綾子はドキドキしたが、またいつものようにからかってるだけだと自分に言い聞かせて
「またまた、そうやって私の事をからかうんでしょ?さすがにもう引っ掛からないよ」
と笑った。
和は綾子の隣に座り綾子をじっと見つめて
「からかった事なんて一度も無いよ。全部本当の気持ち。俺、綾子が好きだよ」
と言ったあと
「あのさ、前に禁断の果実の話をしたの覚える?」
と綾子に聞いた。
「あ…うん。食べたら二度と今までの二人には戻れない桃の話でしょ?」
と綾子が言うと
「そう。ガキの頃からずっと俺の前にはいつもその桃があったんだ。食べたくて食べたくて仕方ないんだけど、それを食べてもしも俺の前から一番大事な物が消えたら…って考えたらスゴく怖くて桃を手に取ることが出来なかった」
と和は言った。
「そしていつの間にかその桃を食べてもいいって日を決められて、その日が来るのをあと5年、4年、3年と俺は待ってた。本当はあと2年しないと食べちゃいけないって決まってるんだけど…」
と和は綾子の肩に頭を額を乗せて
「綾子、もう限界…俺、お隣のお兄ちゃんはもう出来ない。桃を今すぐ食べたい…」
和は呟いた。
「…食べてもいいよ」
と綾子が恥ずかしそうに言うと、和は顔を上げて
「ば…。言ってる意味分かってる?」
と綾子に聞いた。
綾子が顔を真っ赤にして頷くと
「冗談でも、からかってる訳でも無いんだよ」
と和は言った。
綾子が耳まで真っ赤になって俯いていると
「…じゃあ、俺を欲しがってよ」
と和は言った。
「え!」
と綾子が驚くと
「俺が綾子を求めてるのと同じくらい俺を欲しがって。綾子は俺の物だって…俺と同じ気持ちなんだって信じられるくらい俺を求めて」
と和は言った。
「…それは…」
と綾子が困ってると
「ごめん。違う。綾子を抱きたいとかそうゆうんじゃ無くて…。綾子の心が欲しいんだ。俺が綾子を誰よりも愛してるのと同じように綾子が俺の事を愛して欲しいんだ…。愛されてる自信が欲しい」
と和は言った。
「…」
綾子は和への愛をどう表現していいのか分からず俯いて視線を和の方へ少しずらした。
「…!」
和の手が震えてる。
手だけじゃなくて足も震えてる。
綾子が視線を少しずつ上へずらすと、和の肩も震えてて、顔は真っ赤に染まってギュッと目を瞑っていた。

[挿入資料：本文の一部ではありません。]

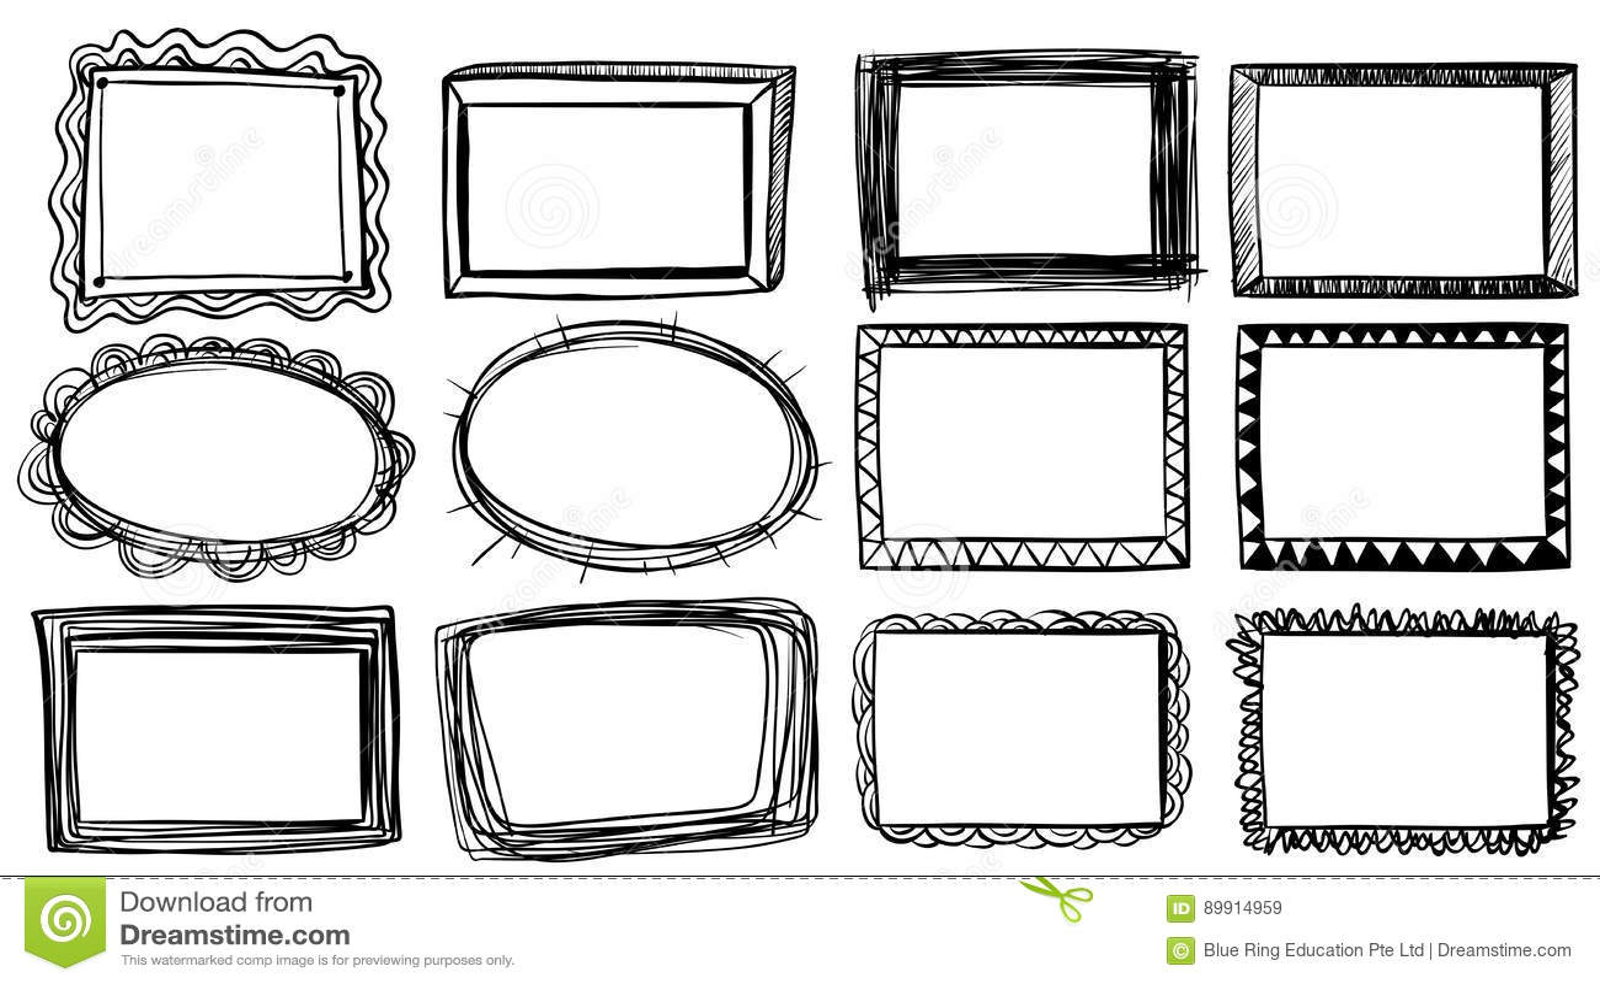 Different Designs For Frames Stock Vector - Illustration of ...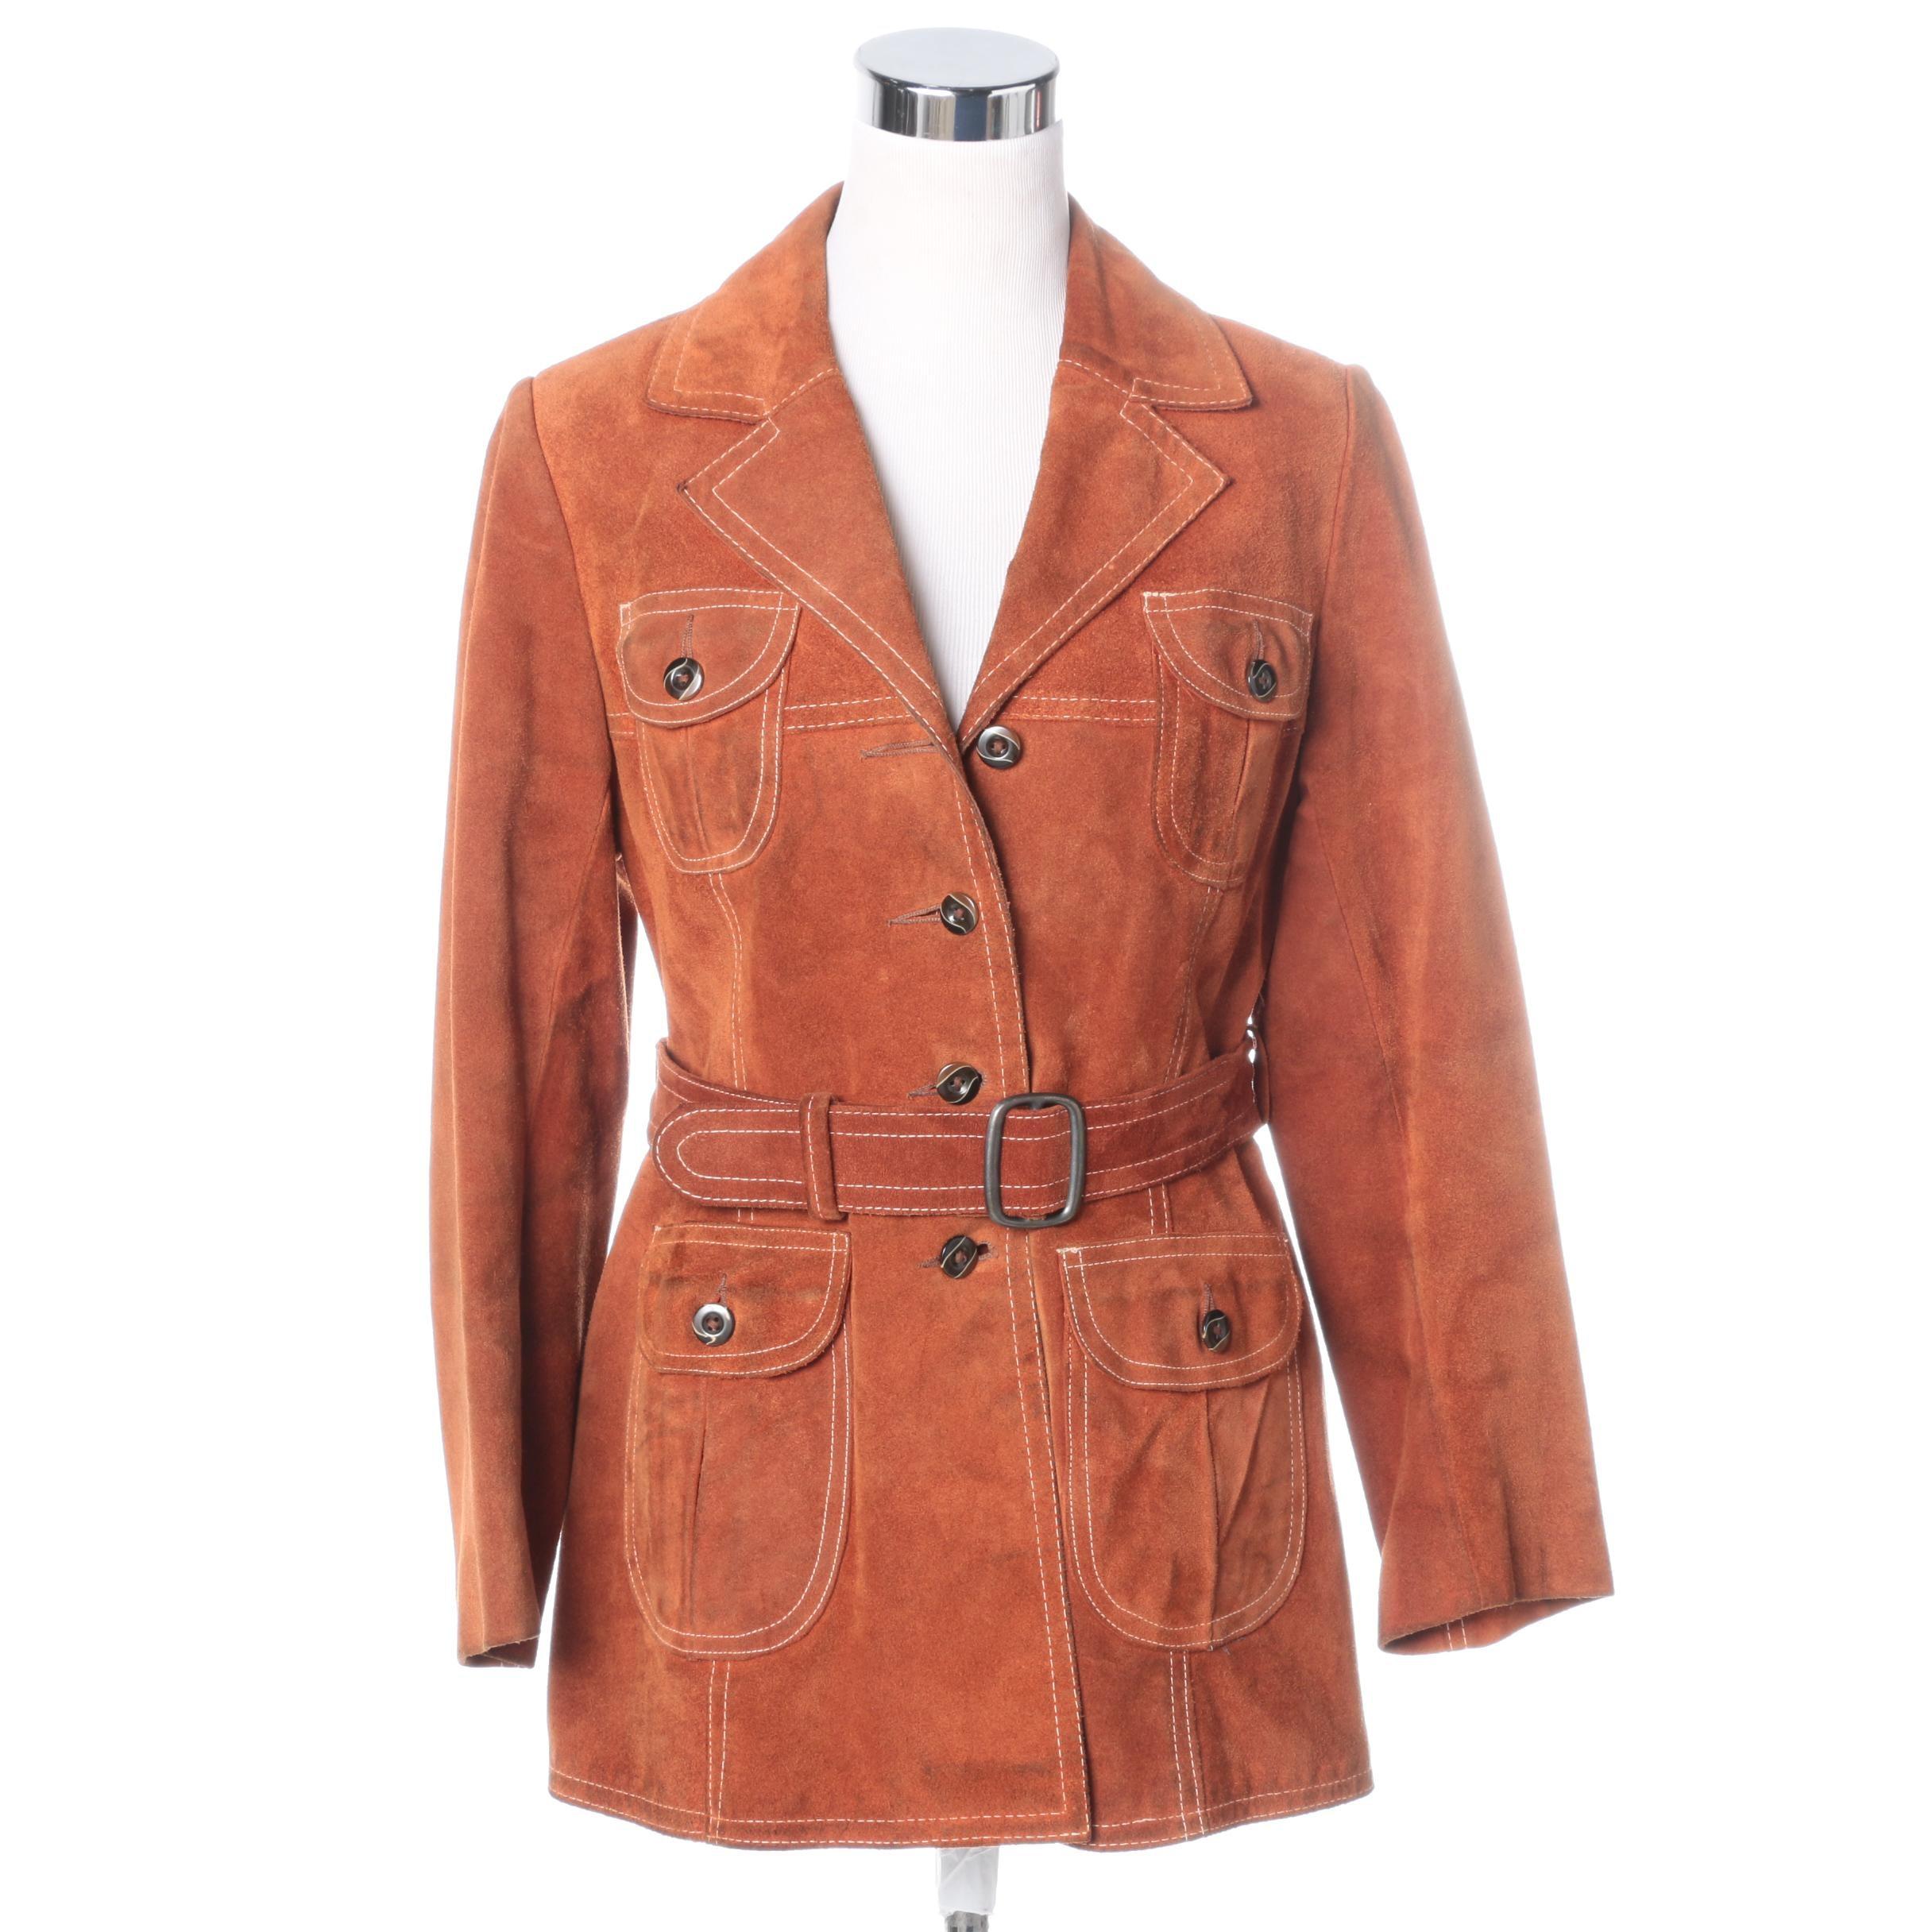 Vintage Young Dimensions Burnt Orange Suede Jacket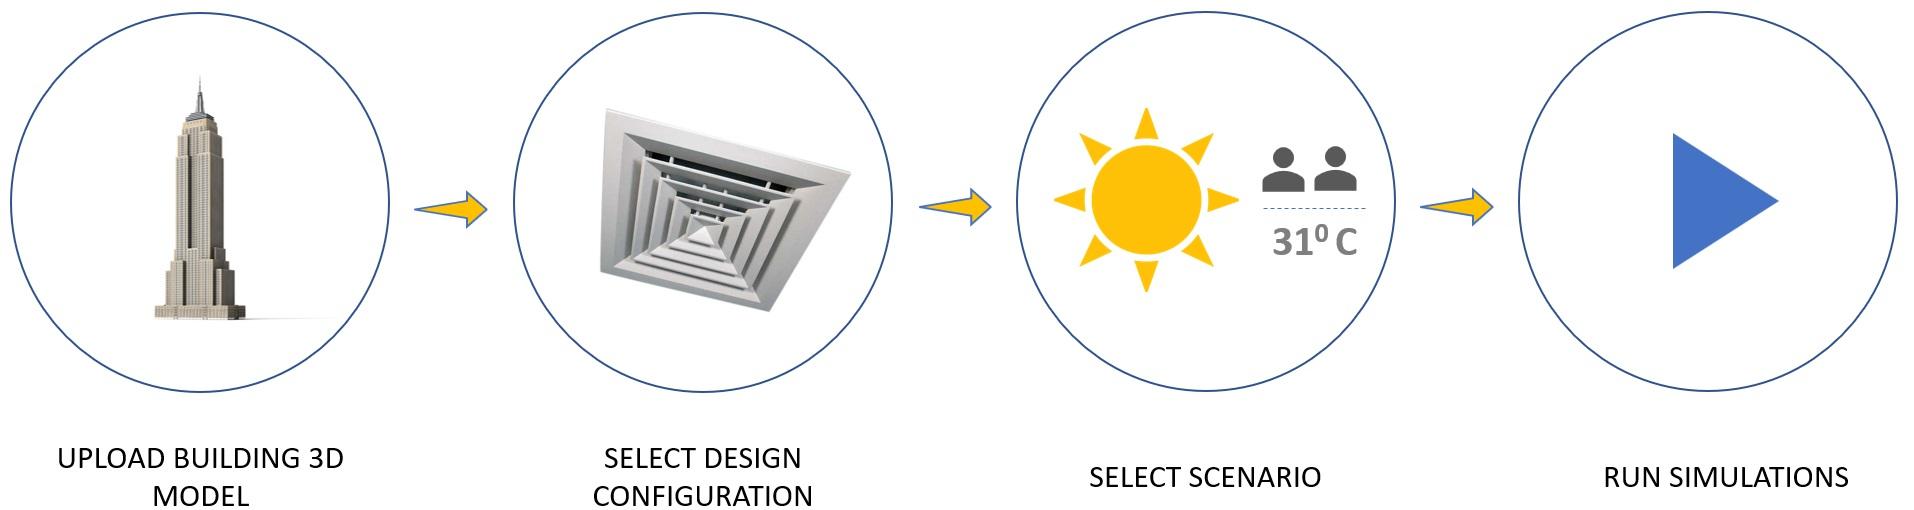 A radar chart illustrating the multi-objective design process involved in HVAC system designs

こんなにも大きな身体をした大人なのに、私のために身体を震わせて…愛しい。
もう誰にも渡したくない。
ずっと隠してた本当の気持ちをぶつけてもいいんだ。
綾子は和が倒れてしまうほどの勢いで抱きついた。
「綾子?」
と和が自分の胸に顔を埋めてる綾子に言うと
「なっちゃん…好き。小さいときからずっとなっちゃんだけ好き。…私だけ見て。…私だけのなっちゃんになって。他の人と抱き合ったりしないで…他の人の所に行かないで」
と綾子は和の胸で泣いた。
和は綾子をギュッと抱き締めて
「大丈夫、安心して。綾子が求めてくれるなら他の物なんて何もいらない。綾子だけの俺だよ」
と言ったあと綾子の頭に優しくキスをした。